» **WORK REQUEST**: Give the listing below again exactly, but without any of its pictures.

» **DATA SEGMENT**:
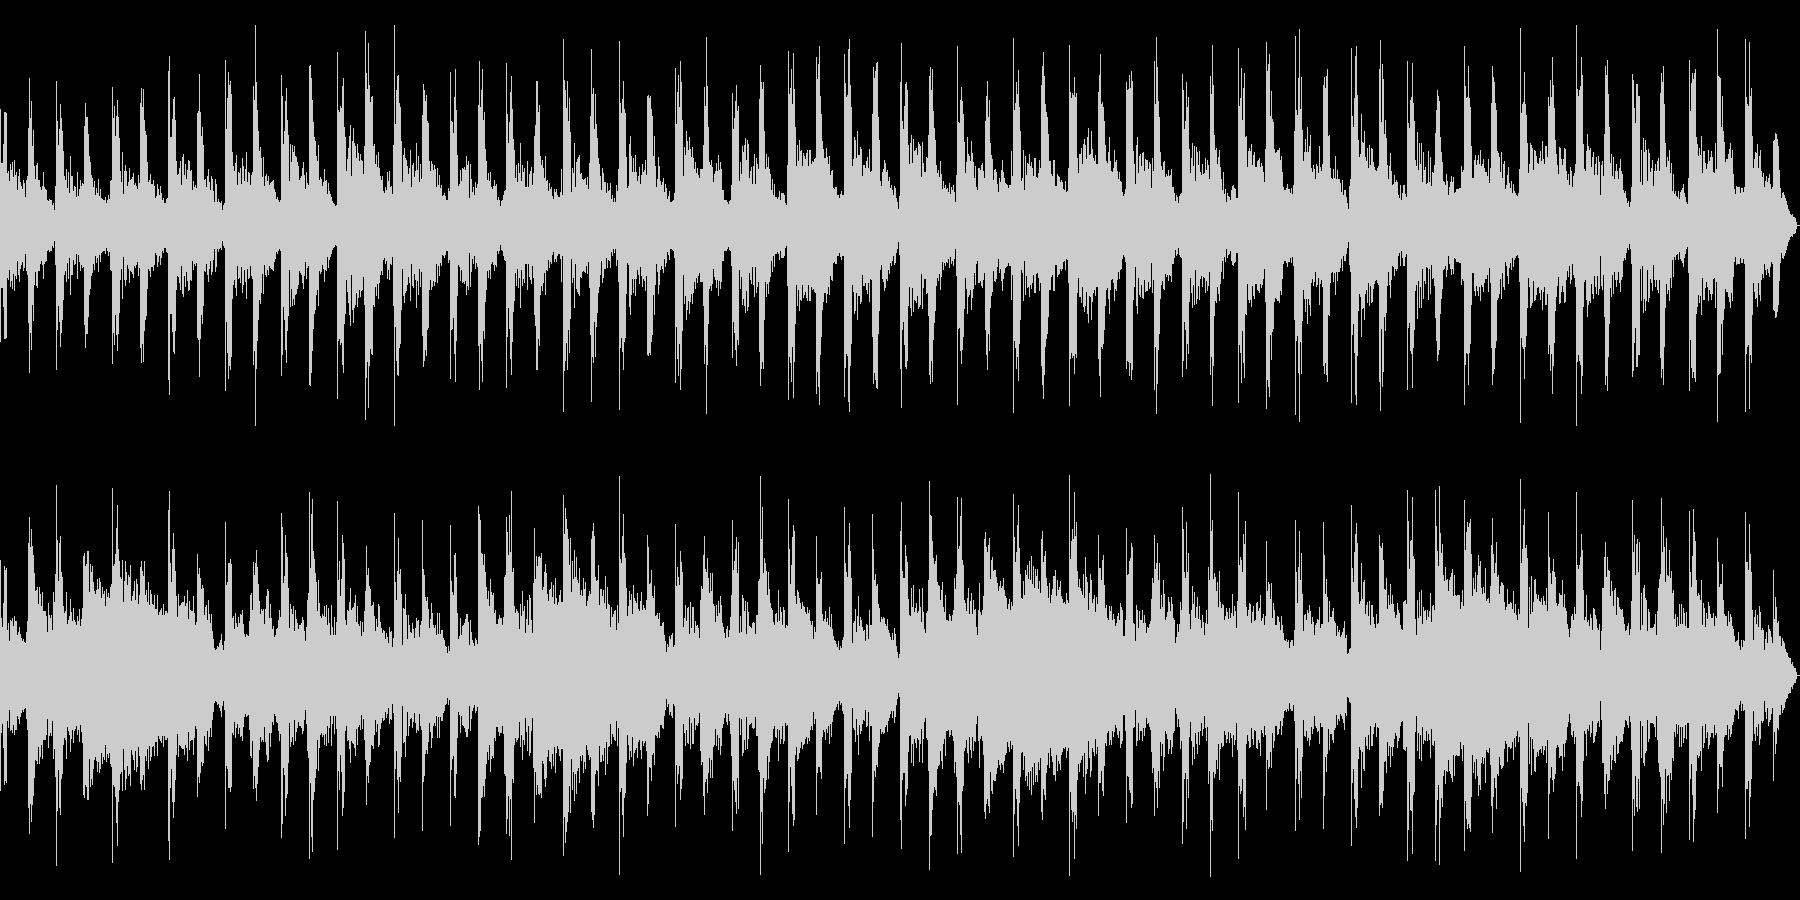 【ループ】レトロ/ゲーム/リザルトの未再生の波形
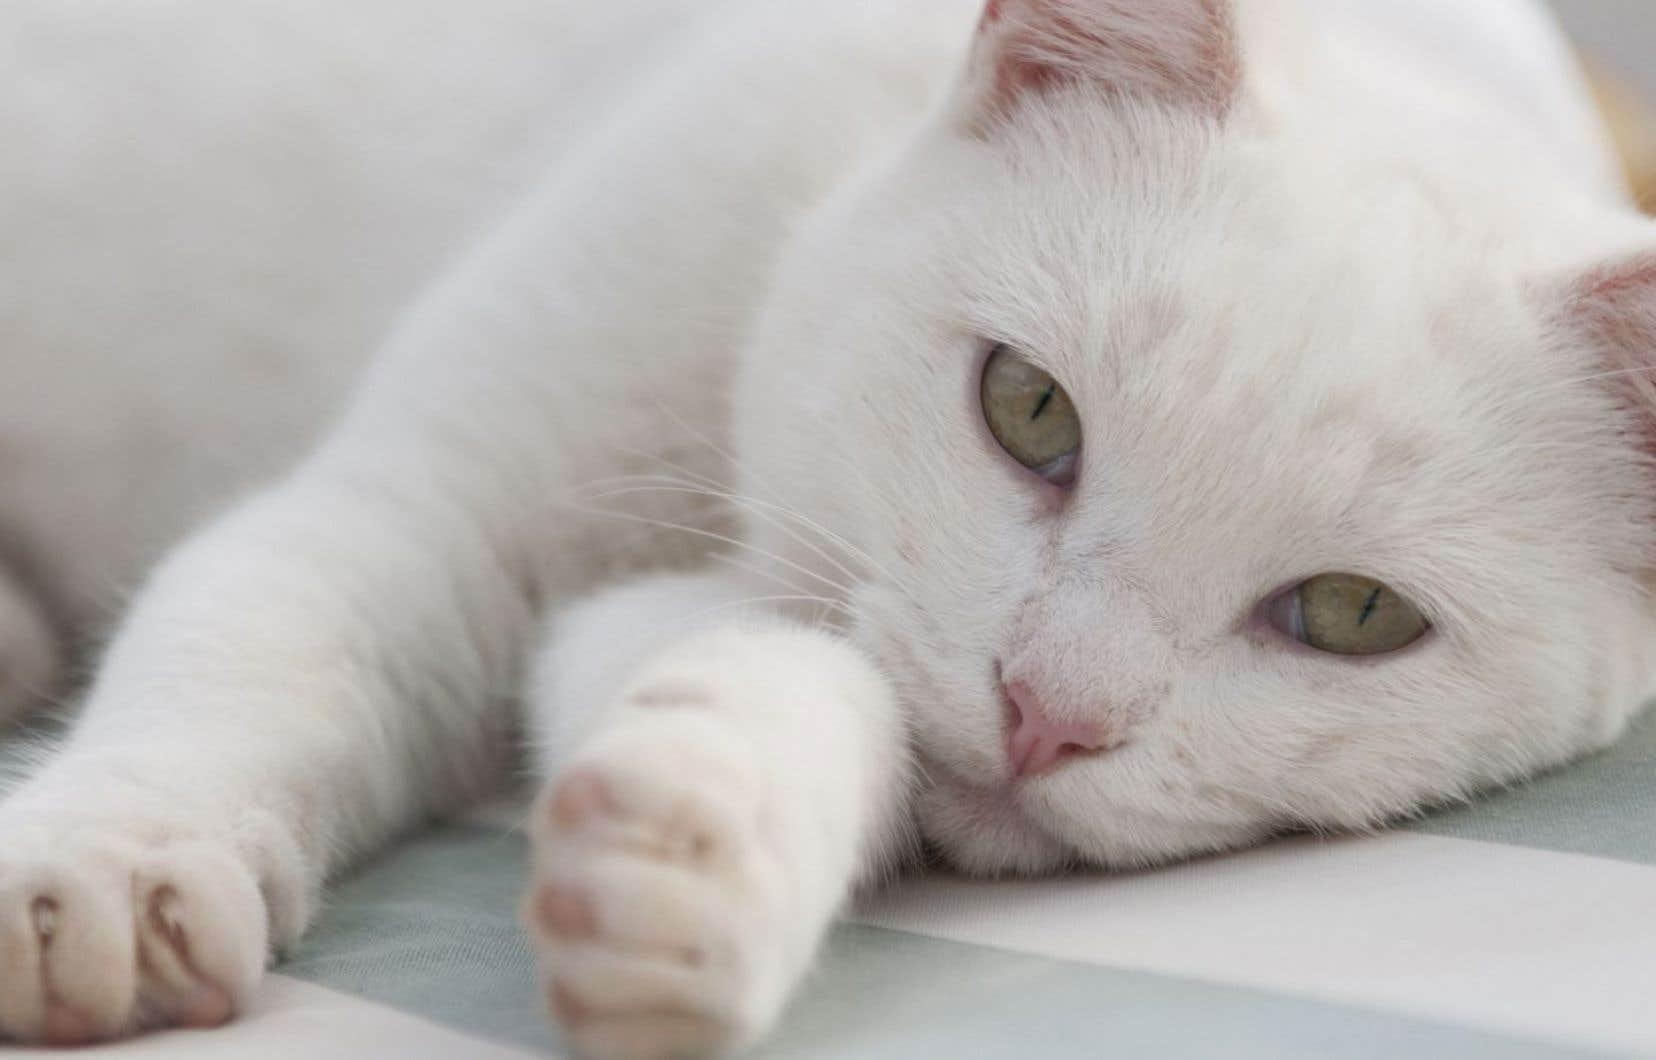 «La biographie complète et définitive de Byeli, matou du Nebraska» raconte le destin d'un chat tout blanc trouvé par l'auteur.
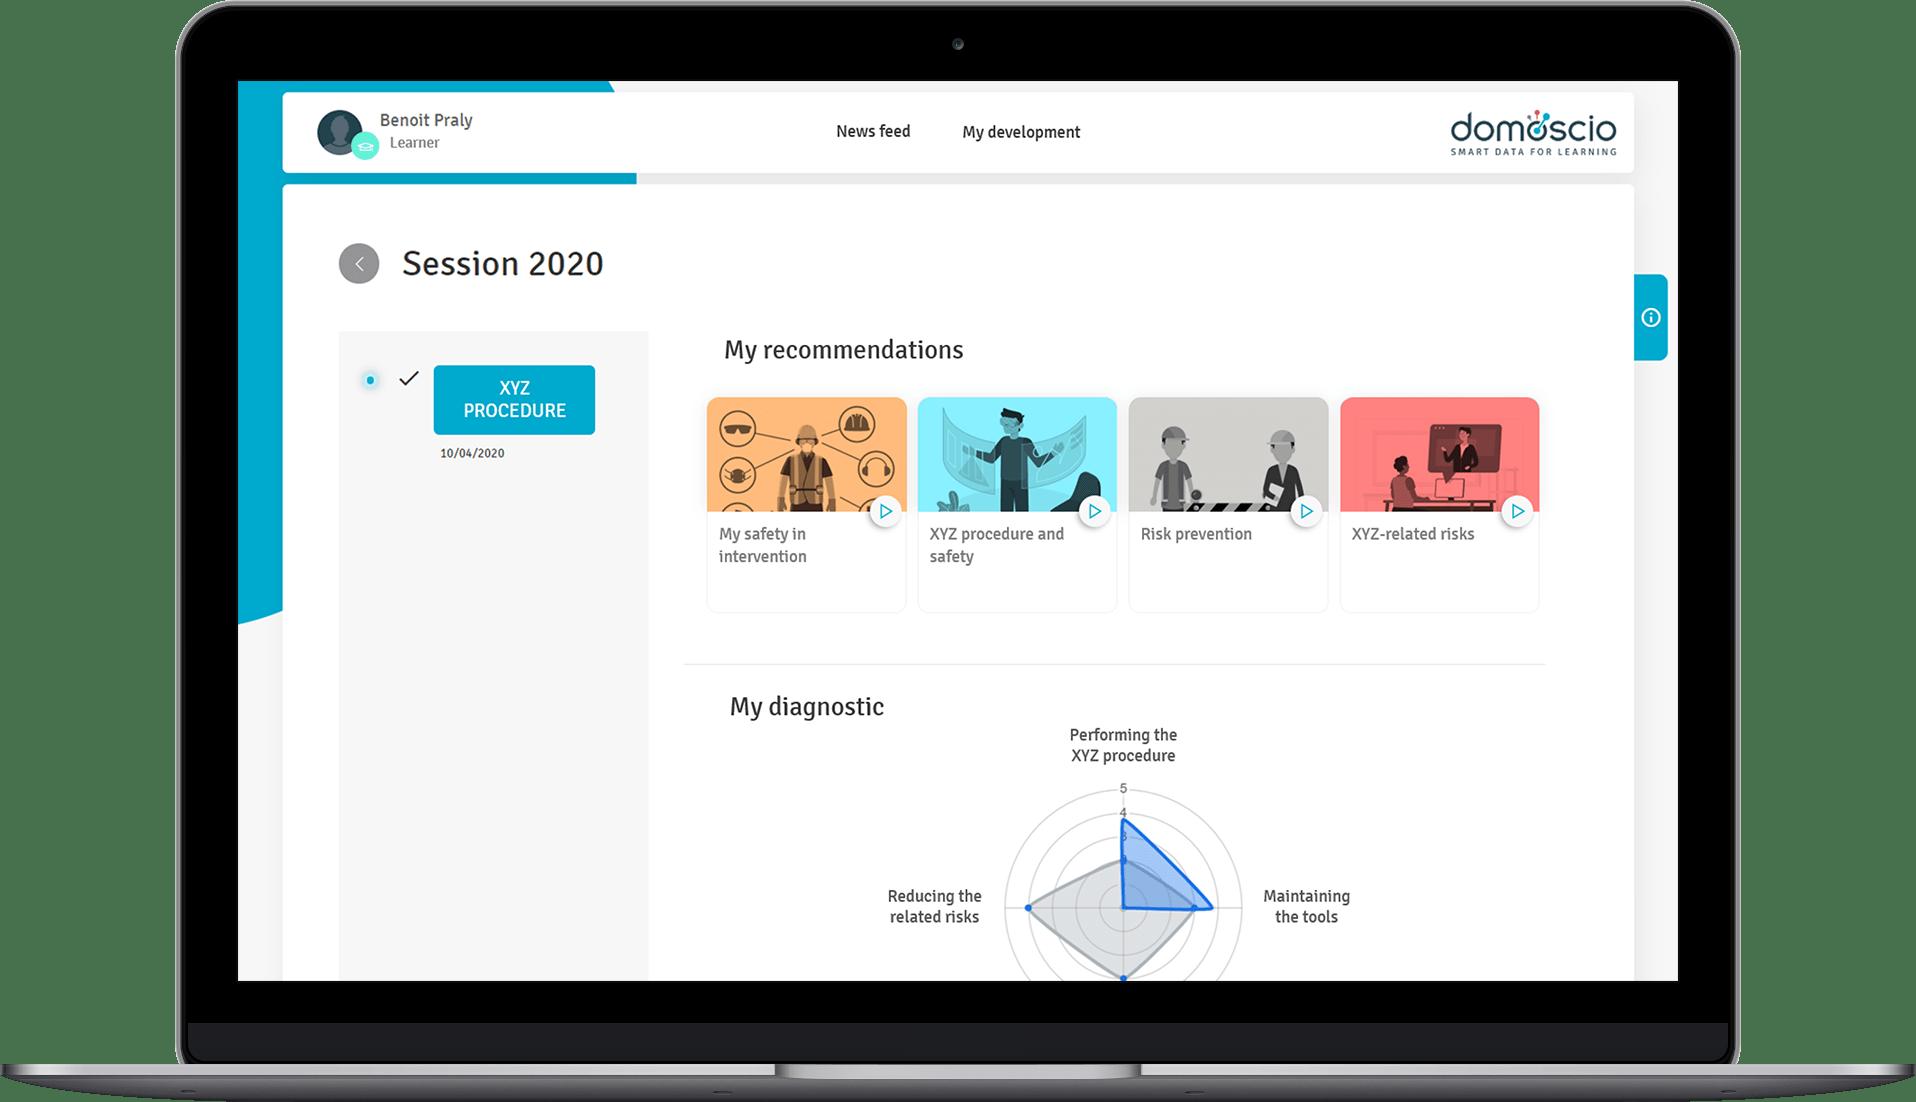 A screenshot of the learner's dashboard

» **REPLY**:
 【ループ】レトロ/ゲーム/リザルトの未再生の波形
 «La biographie complète et définitive de Byeli, matou du Nebraska» raconte le destin d'un chat tout blanc trouvé par l'auteur.
 A screenshot of the learner's dashboard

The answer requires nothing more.